Because of many published meta-analyses were not properly performed,
several experts have been rather skeptical as to its usefulness
(Meinert 1989; Spitzer 1991; Feinstein 1995; Feinstein & Horwitz
1997; Eysenck 1994; Bailar 1995, 1997a,b, 1999; Shapiro 1994, 1997).
Bailar (1995) commented that "Meta-analysis has been seized with
enthusiasm by many scientists not trained in statistics and cognate
sciences, and it is clear in conversations that many of them have
utterly unrealistic views about its scope and power." Shapiro (1997)
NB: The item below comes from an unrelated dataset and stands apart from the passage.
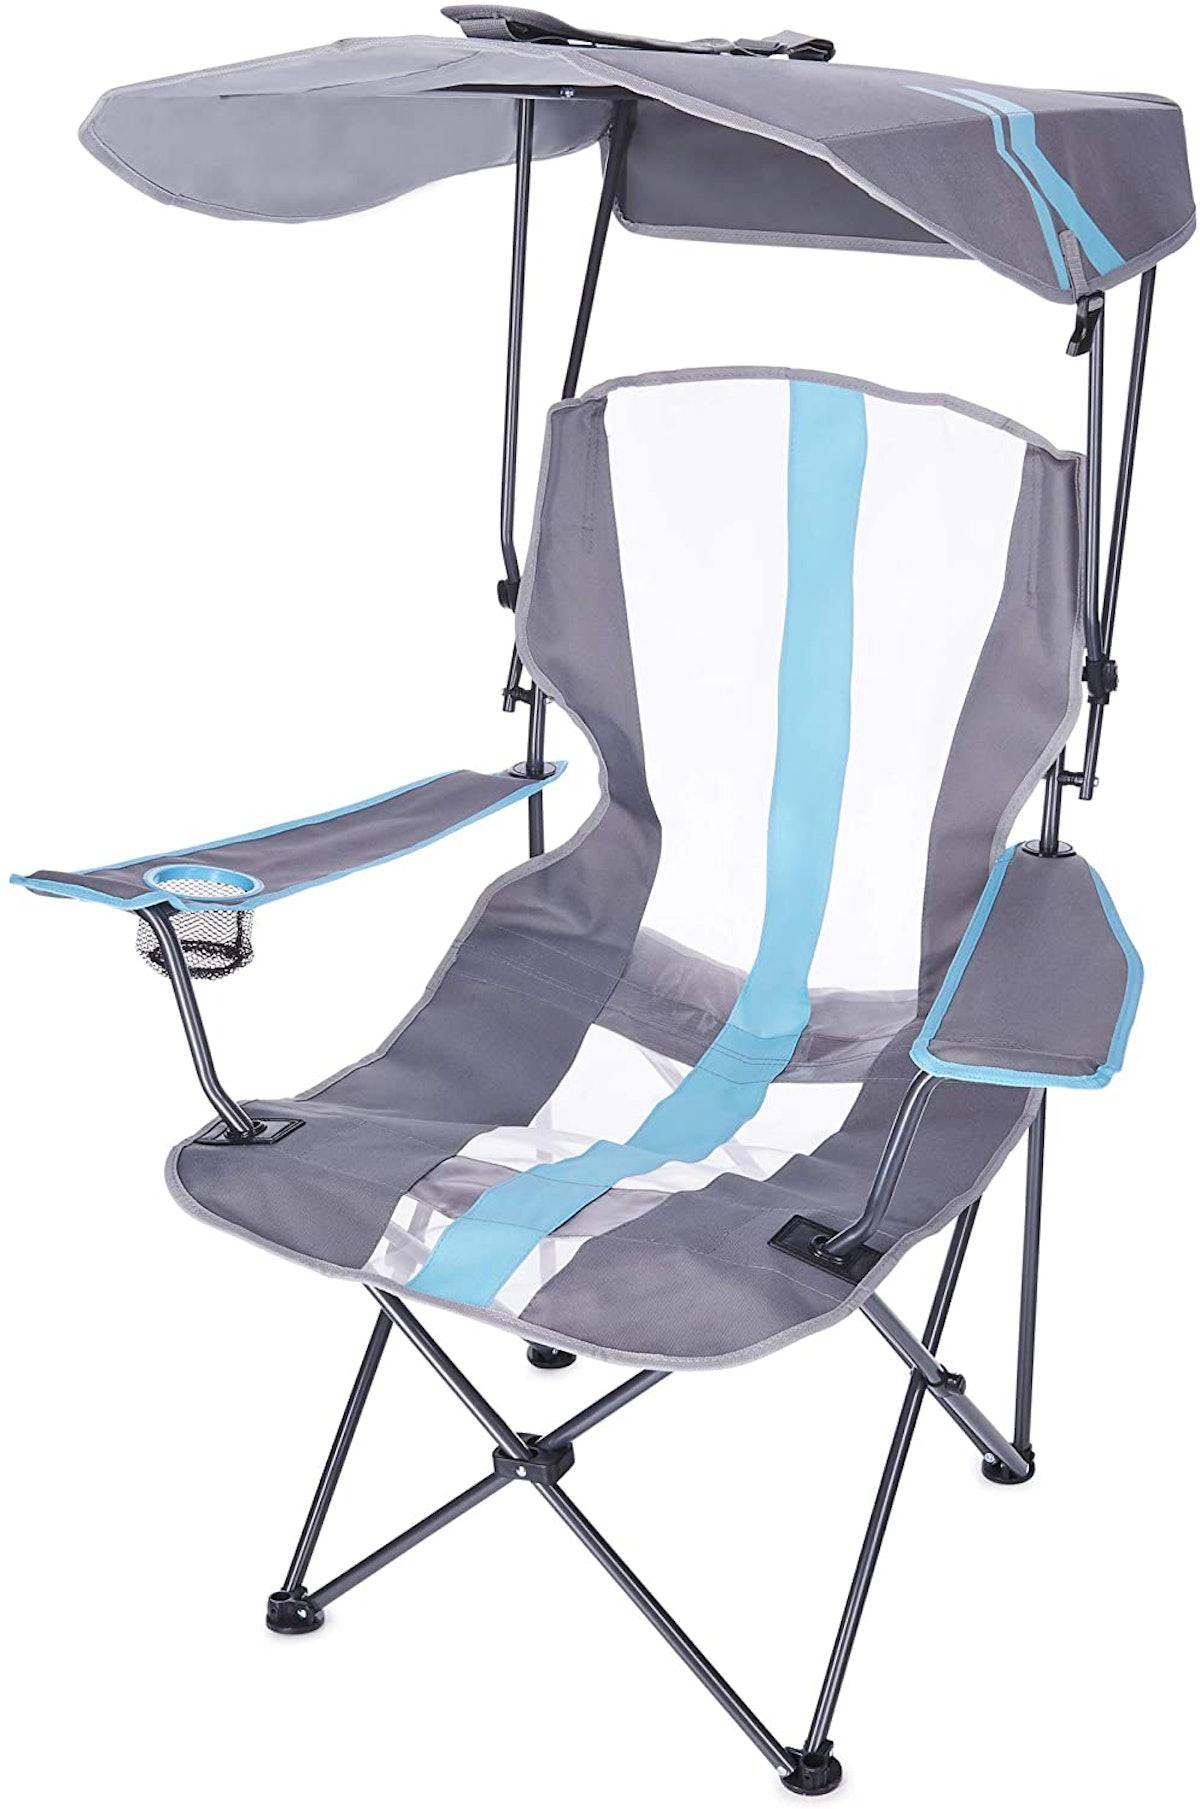 Kelsyus Original Canopy Chair

noted that "I think there is something profoundly amiss in the
uncritical way in which the epidemiologists, and indeed the medical
profession as a whole, have allowed themselves to be seduced by the
numerological abradacabra of meta-analysis." Meinert (1989) commented
that "There are no easy, inexpensive answers to complex questions and
attempts to substitute small trials and meta-analysis for large trials
is illusionary and detrimental to both medicine and clinical trials."
In an editorial in a major journal, Bailar (1997a) further commented
that "In my own review of selected meta-analyses, problems were so
frequent and so serious … that it was difficult to trust the overall
‘best estimates’ … I still prefer conventional narrative reviews of the
literature, a type of summary familiar to readers of the countless
review articles on important medical issues." Although such strong
comments can be understood against the background of the severe errors
in some of the products by meta-analysts, ‘meta-analysis’ as a method
will not disappear. As a statistical tool it has inherent strengths and
weaknesses which should be understood by those carrying out such
analyses, and by readers of the conclusions of meta-analyses.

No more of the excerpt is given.